Exercise directions >> Look through the data below for the line with "String Art was" and the line with "#librariesrock #librariesofwisconsin", then transcribe exactly from the first through the second, leaving out all pictures.
--- Provided entries Enclosed Below ---
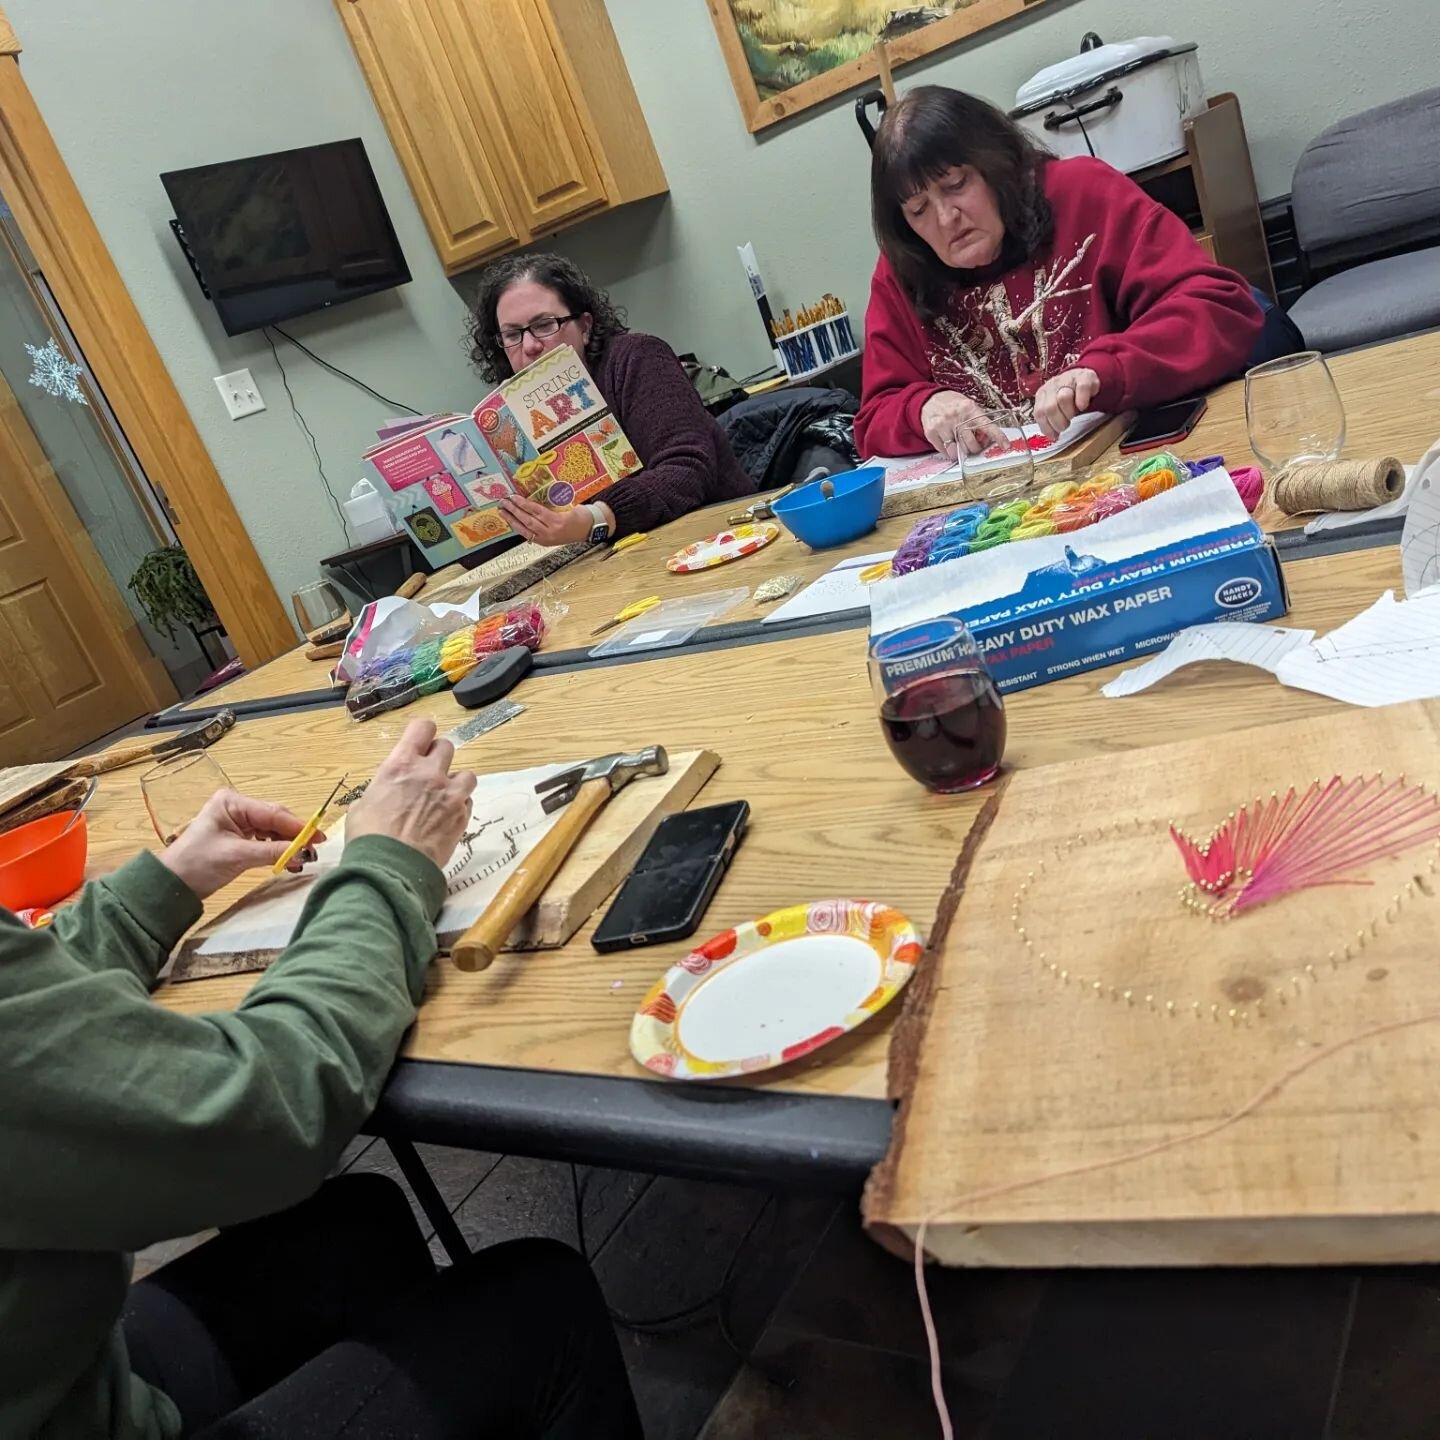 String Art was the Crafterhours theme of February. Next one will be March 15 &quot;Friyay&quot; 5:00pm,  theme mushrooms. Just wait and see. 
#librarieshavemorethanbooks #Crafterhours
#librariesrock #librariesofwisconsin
--- End of Enclosed Provided entries ---
--- Provided entries Enclosed Below ---
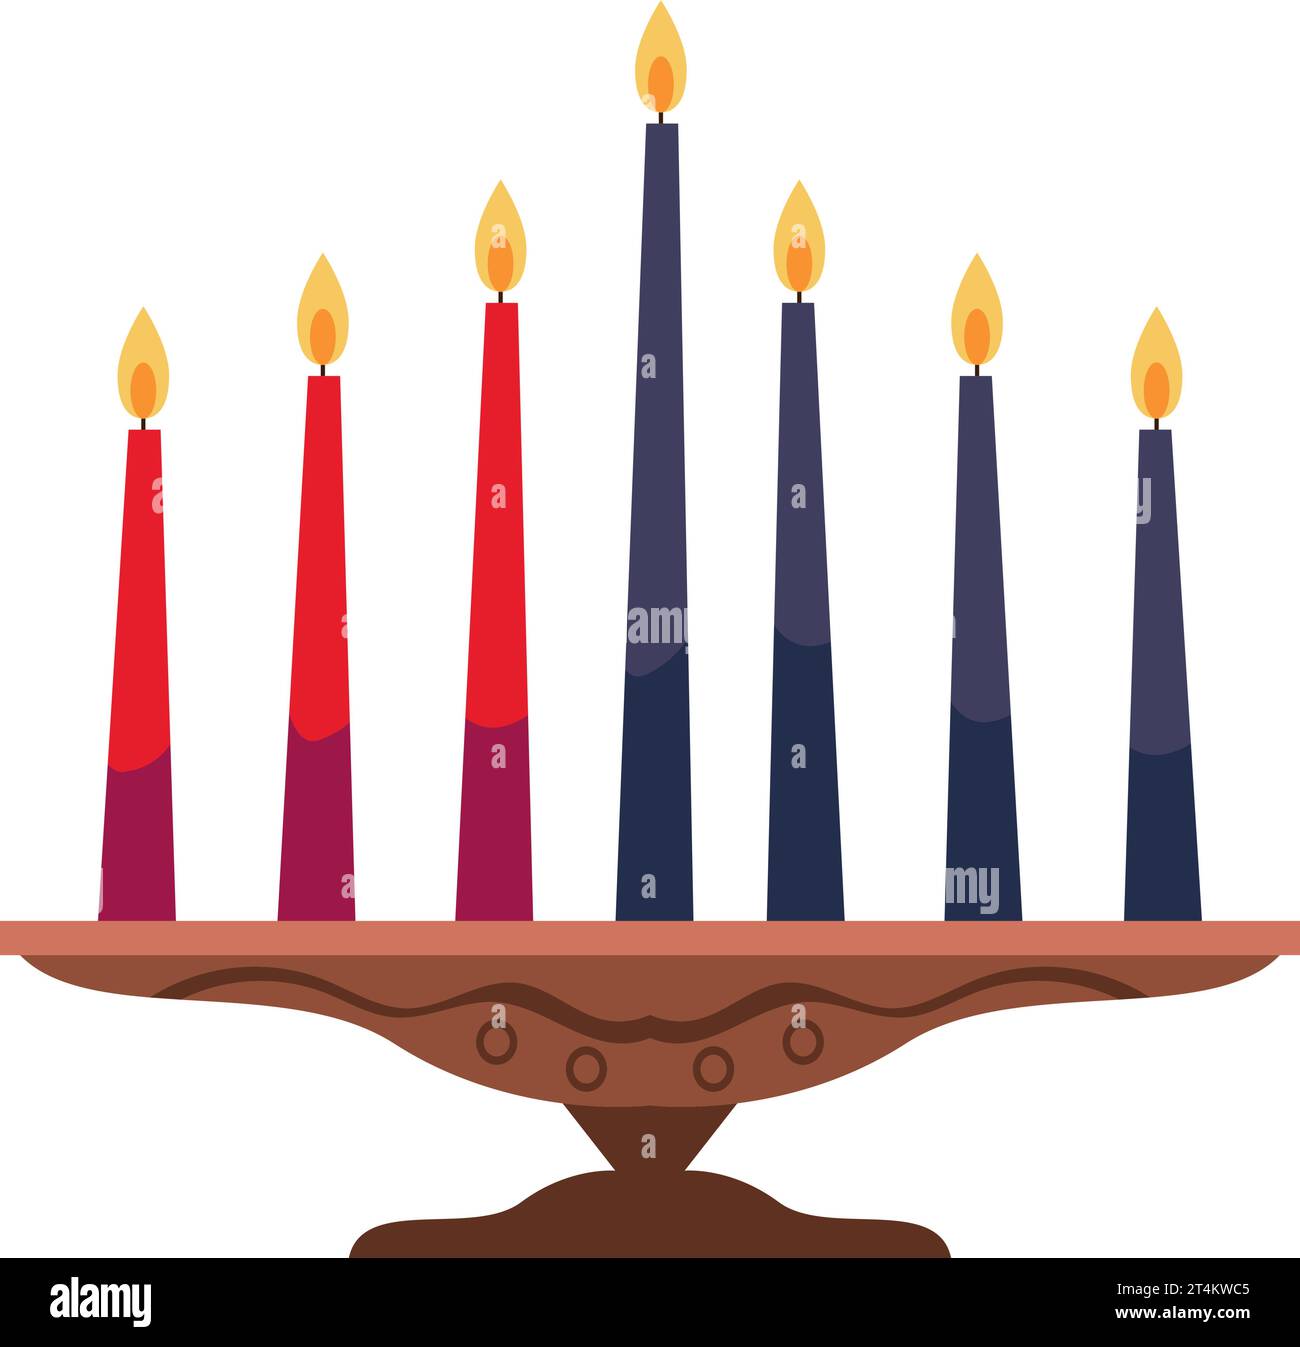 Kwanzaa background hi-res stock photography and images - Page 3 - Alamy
--- End of Enclosed Provided entries ---
--- Provided entries Enclosed Below ---
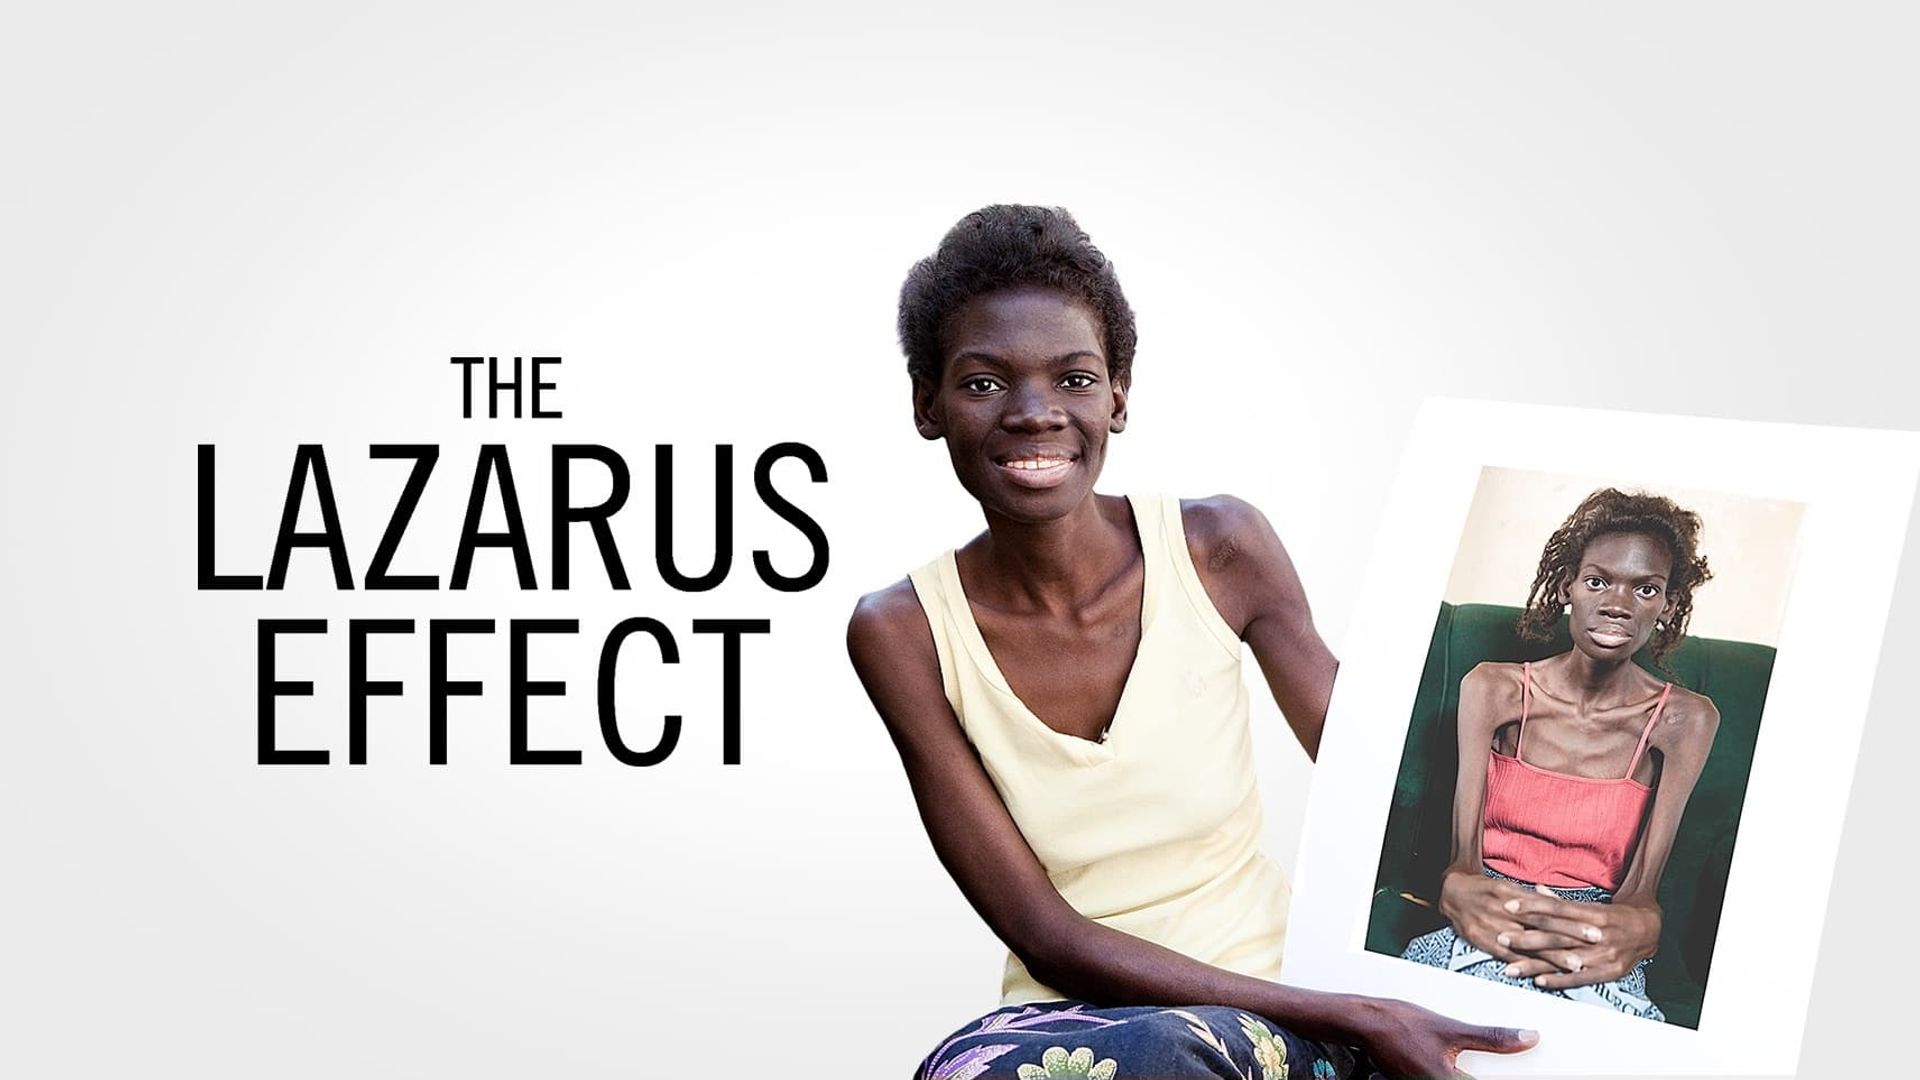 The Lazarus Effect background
--- End of Enclosed Provided entries ---
Response to the task >>
 String Art was the Crafterhours theme of February. Next one will be March 15 &quot;Friyay&quot; 5:00pm,  theme mushrooms. Just wait and see. 
#librarieshavemorethanbooks #Crafterhours
#librariesrock #librariesofwisconsin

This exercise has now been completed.